The ochre-cheeked spinetail is 13 to 14 cm long and weighs 12 to 19 g. The sexes have the same plumage. Adults of the nominate subspecies have a wide white supercilium, blackish lores, a fuzzy dark brownish line behind the eye, and ochraceous ear coverts and malar region. Their forehead has a blackish spot. Their crown and upper back are grayish brown and the rest of their back is dark rufous that narrows to the rump, replace by grayish brown. Their uppertail coverts are rufous. Their wings are mostly dark rufous with dark brownish lesser coverts and primary tips. Their tail is rufous; the tips of the feathers have no barbs giving a spiny appearance. Their throat is white with a black crescent on its lower part. Their breast is pinkish brown to pale ochraceous buff that becomes more ochraceous by the undertail coverts; the belly is paler and has a white center. Their iris is dark chestnut to reddish brown or brown, their maxilla black to dark gray, their mandible gray to blue-gray (sometimes with a dark tip), and their legs and feet greenish gray to yellowish olive. Juveniles have faint dark scallops on the breast. Subspecies S. s. whitii has uniform brown upperparts with no rufous, with darker rufous wings and tail and deeper ochraceous face and underparts than the nominate.
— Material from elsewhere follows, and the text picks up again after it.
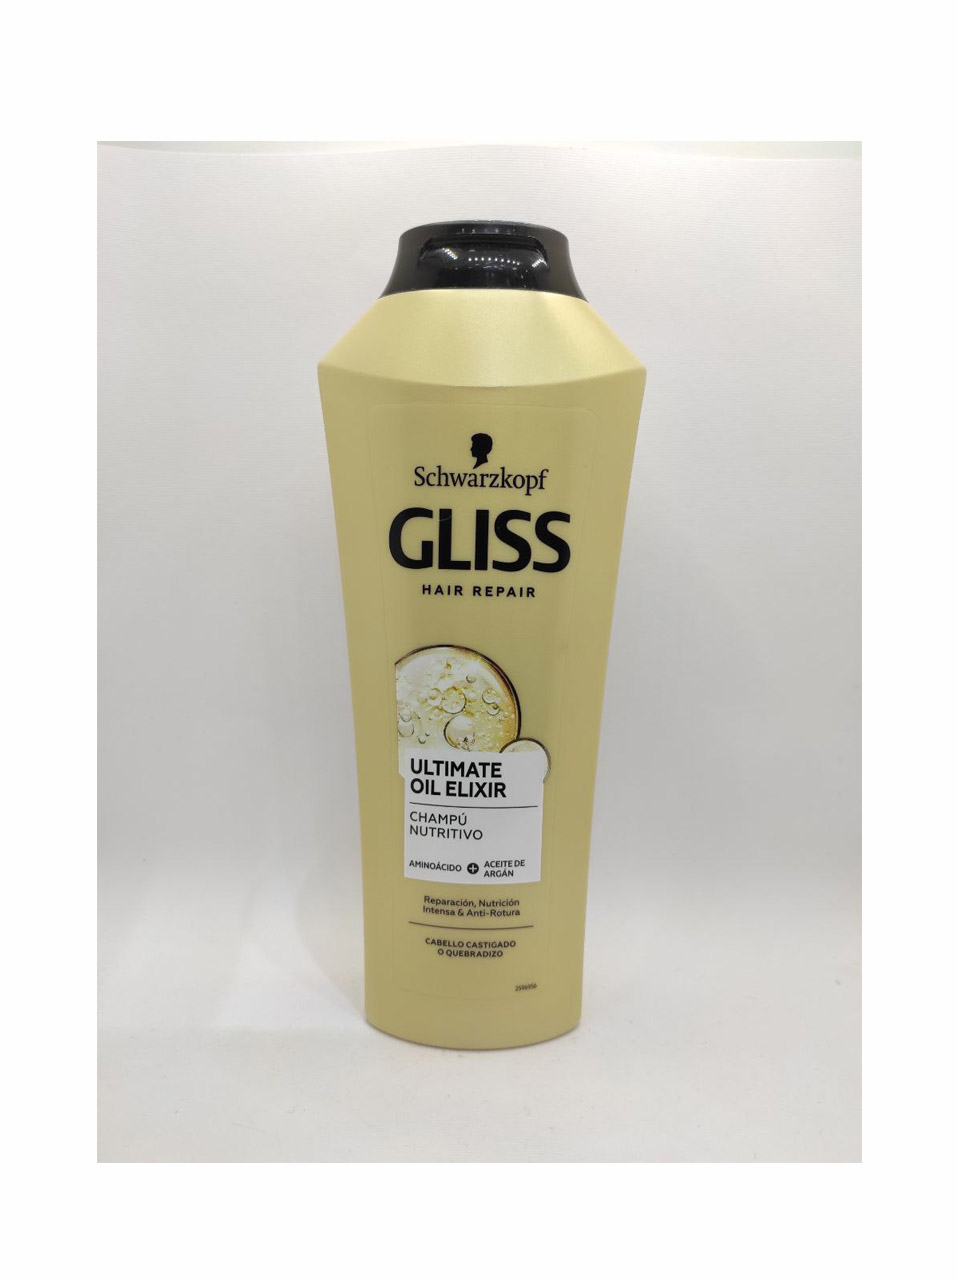 شامپو سر مخصوص موهای ضعیف و آسیب دیده 400 میل گلیس GLISS Ultimate oil Elixir
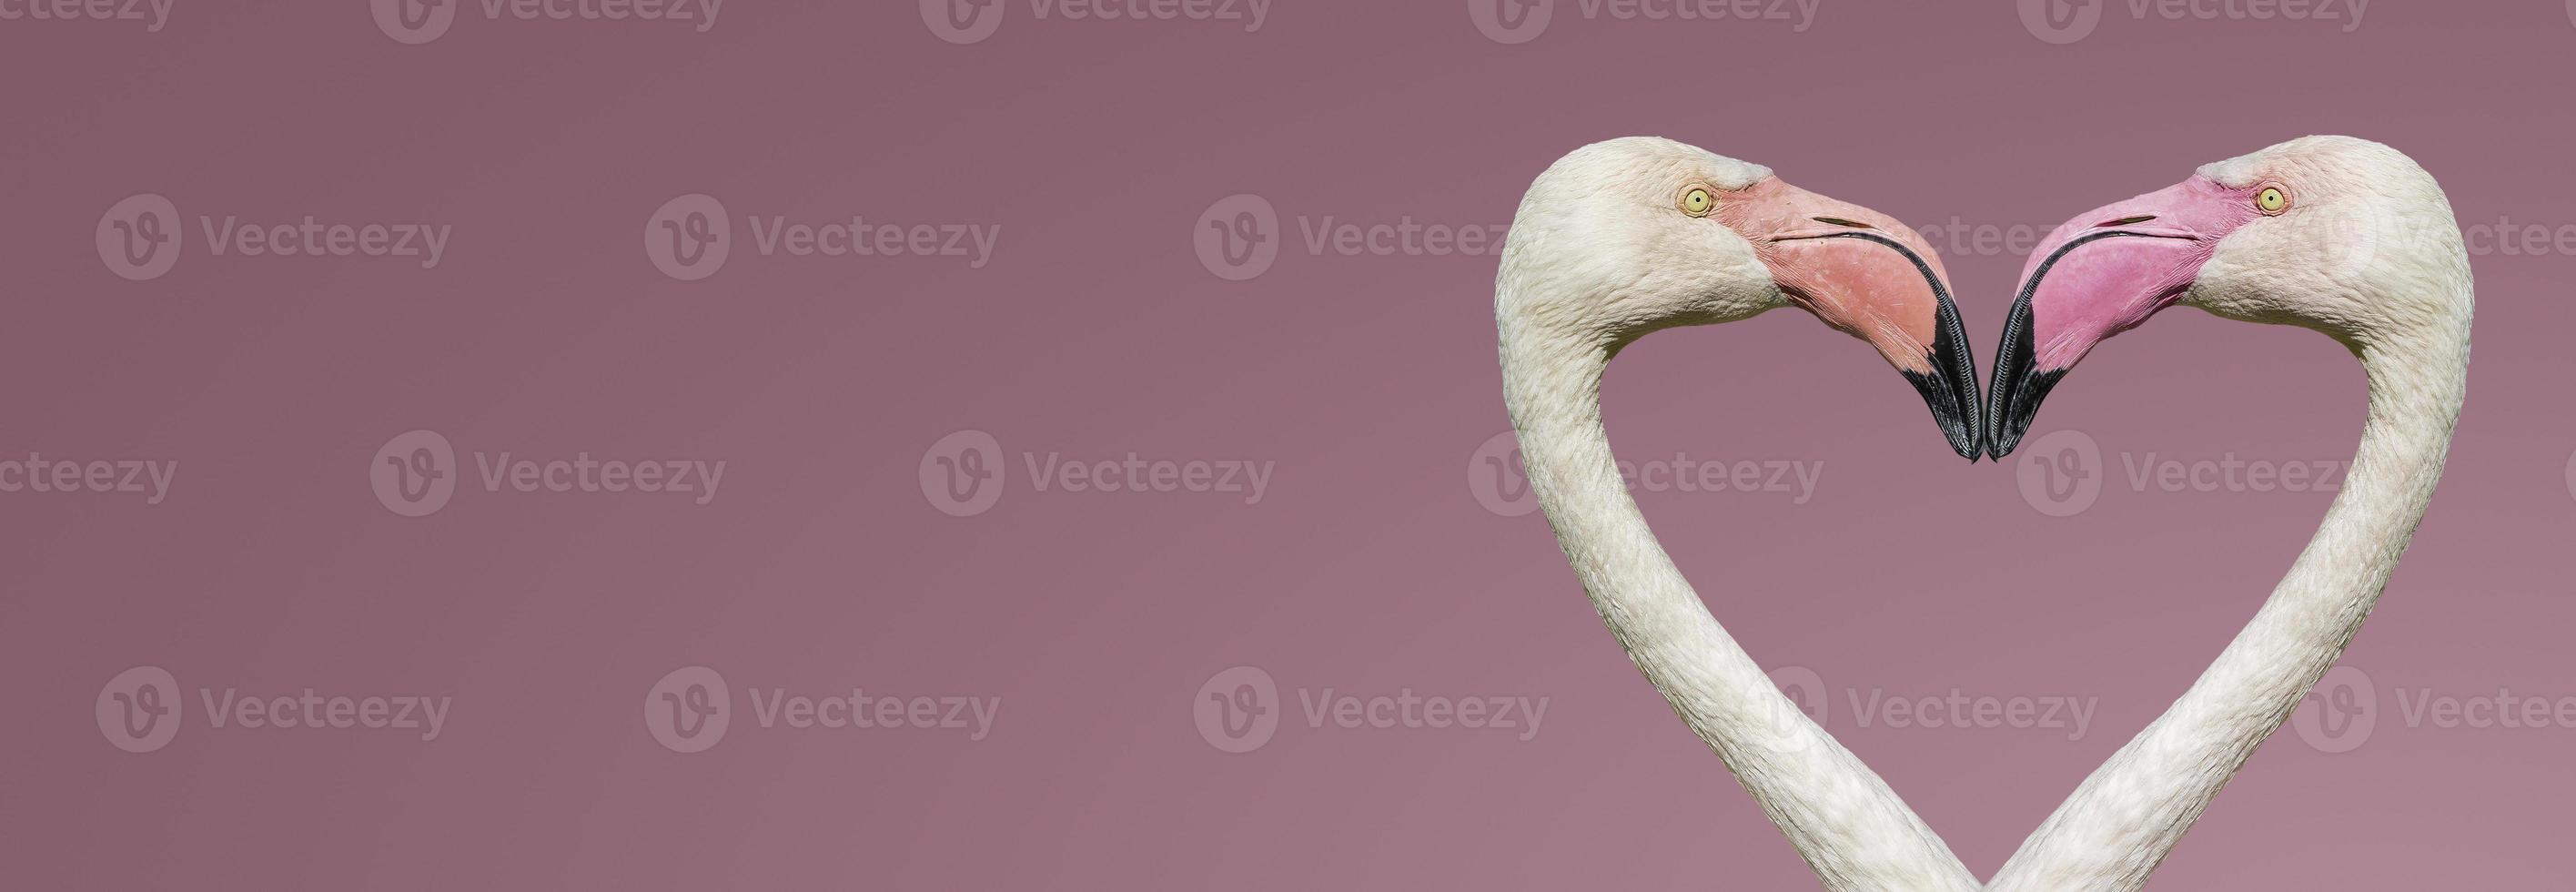 Banner mit zwei rosigen Flamingos, die eine Herzform mit ihren Köpfen und Hälsen bilden, isoliert auf glattem hellrosa oder rosigem Hintergrund mit Kopienraum für Text, Nahaufnahme, Details. Liebe und Glamour-Konzept foto

==Distribution and habitat==

The nominate subspecies of the ochre-cheeked spinetail is found in eastern and central Brazil. Subspecies S. s. whitii is found in southern Brazil's Mato Grosso state, southeastern Bolivia, extreme northwestern Paraguay, and northwestern Argentina in Jujuy and Salta provinces and perhaps as far south as Catamarca Province. The species is also found in southeastern Peru and northwestern Bolivia; these individuals might belong to whitii or represent an undescribed subspecies.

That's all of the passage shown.